聞近純一怔,低頭一瞧。
手上是一個髒兮兮的泥巴塊子。雖然用一張紙包着,但紙已經鬆開了,幹泥巴簌簌落在她的華麗袍服上。
聞近純一聲尖叫,像遇見了什麼可怕的東西,一甩手便把那泥巴塊子給扔了,“什麼噁心東西!”
聞夫人也急忙躲避,一臉嫌惡,“扔出去!扔出去!”
那東西骨碌碌滾到牆角,所經之處,衆人都忙不迭躲避,生怕被弄髒了自己的華麗衣裳。
文臻笑眯眯看着。
“文大人!你什麼意思!”聞夫人怒喝,“太子的喜事,你竟然送上土塊,你這是在詛咒太子嗎!”
聞近純忽然側了側頭,看了一眼身邊兩個一直沒有說話的嬤嬤。
那兩個嬤嬤一直面無表情看着,此刻對視一眼,一人便冷聲道:“文姑娘,今日你來得正好,我等奉太後懿旨,正要尋你。”
衆人聽見這句,都凜然,齊齊又不動聲色後退。
文臻緩緩轉頭,凝視那兩個嬤嬤,“哦?太後孃娘有何懿旨?”
嬤嬤道:“跪聽。”
文臻默然。
嬤嬤道:“論身份,太後是天下之母。論族中輩分,太後也算你的姑祖母。太後孃娘懿旨,你也打算大喇喇站這聽嗎?”
文臻立即笑了。
“當然不,太後懿旨,臣自然要大禮以對。不僅臣,這裏所有人都要以行動表示對太後的尊敬。”她順手一拉聞近純,聞近純根本無法抗拒,被她拉得踉蹌站起,文臻抬腳對她膝彎一踢,笑道,“跪聽!”聞近純噗通一聲跪在落了泥巴沙石的青磚地上,文臻這才撩起衣裙,恭恭敬敬跪在了旁邊的蒲團上。
嬤嬤:“……”
衆人:“……”
衆人被這騷操作給震得腦子一空,下意識竟然也跟着跪了。連聞夫人左右張望一陣,也鐵青着臉跪了。
聞近純肩膀掙動,想要起身,但文臻手擱在她肩膀上,哪容她起身。她掙扎越狠,文臻手勁越大,一副你再用力我就把你按到地上的架勢,聞近純只得不動了。
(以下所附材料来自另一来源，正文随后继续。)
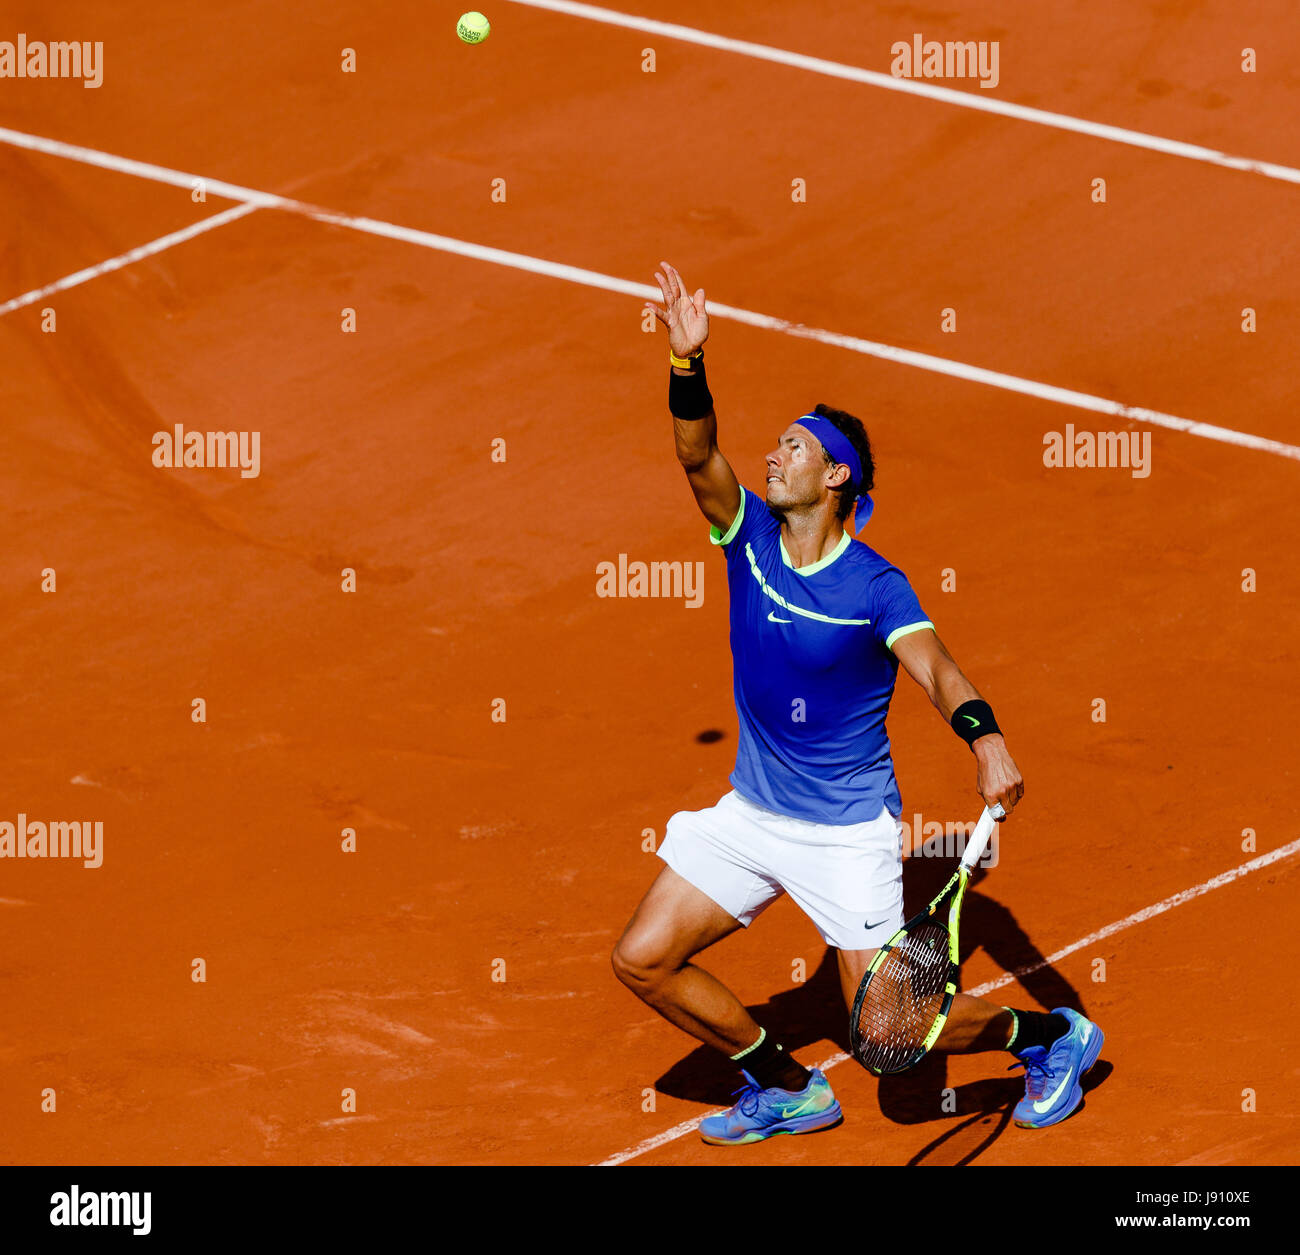 Paris, France, 31 May 2017: Rafael Nadal is in action during his second  round match at the 2017 Tennis French Open in Roland Garros Paris. Credit: Frank Molter/Alamy Live News Stock Photo

那兩個嬤嬤臉皮抽了抽,給了聞近純一個安撫的眼神,才冷聲道:“太後有旨意。文氏女臻,生而不祥,新婚喪夫,當是德行不修之故。着令即日留在宮中,以心血虔誠抄寫無礙經三十二卷十遍,以贖前愆。抄完便可出宮。”
無礙經……
文臻沒聽過這卷經書,據說太後信奉的也不是正宗佛家教義。雖然不知道這卷經書有多長,但是方纔說到經書的時候她聽見有人抽了口氣,顯然這卷經字數可觀。
大部頭書用血抄十遍,這是想她流血至死嗎?
文臻雖然沒有見過太後,卻一向對她抱持十分警惕。選擇最苦的修行卻讓別人代苦的所謂“慈悲”,比真小人還要可怕。瞧這一出手,就如此的酷厲惡毒。
唐慕之是遺傳了她吧?
“文大人是去香宮寫,還是在這裏寫?”那嬤嬤一揮手,便有人端上桌案,案上有竹簡,還有小刀,那筆是特製的,中空,大概是方便血流下來寫字的,筆頭就是針,所謂抄經,是用這針筆蘸自己血一字字刻在竹簡上。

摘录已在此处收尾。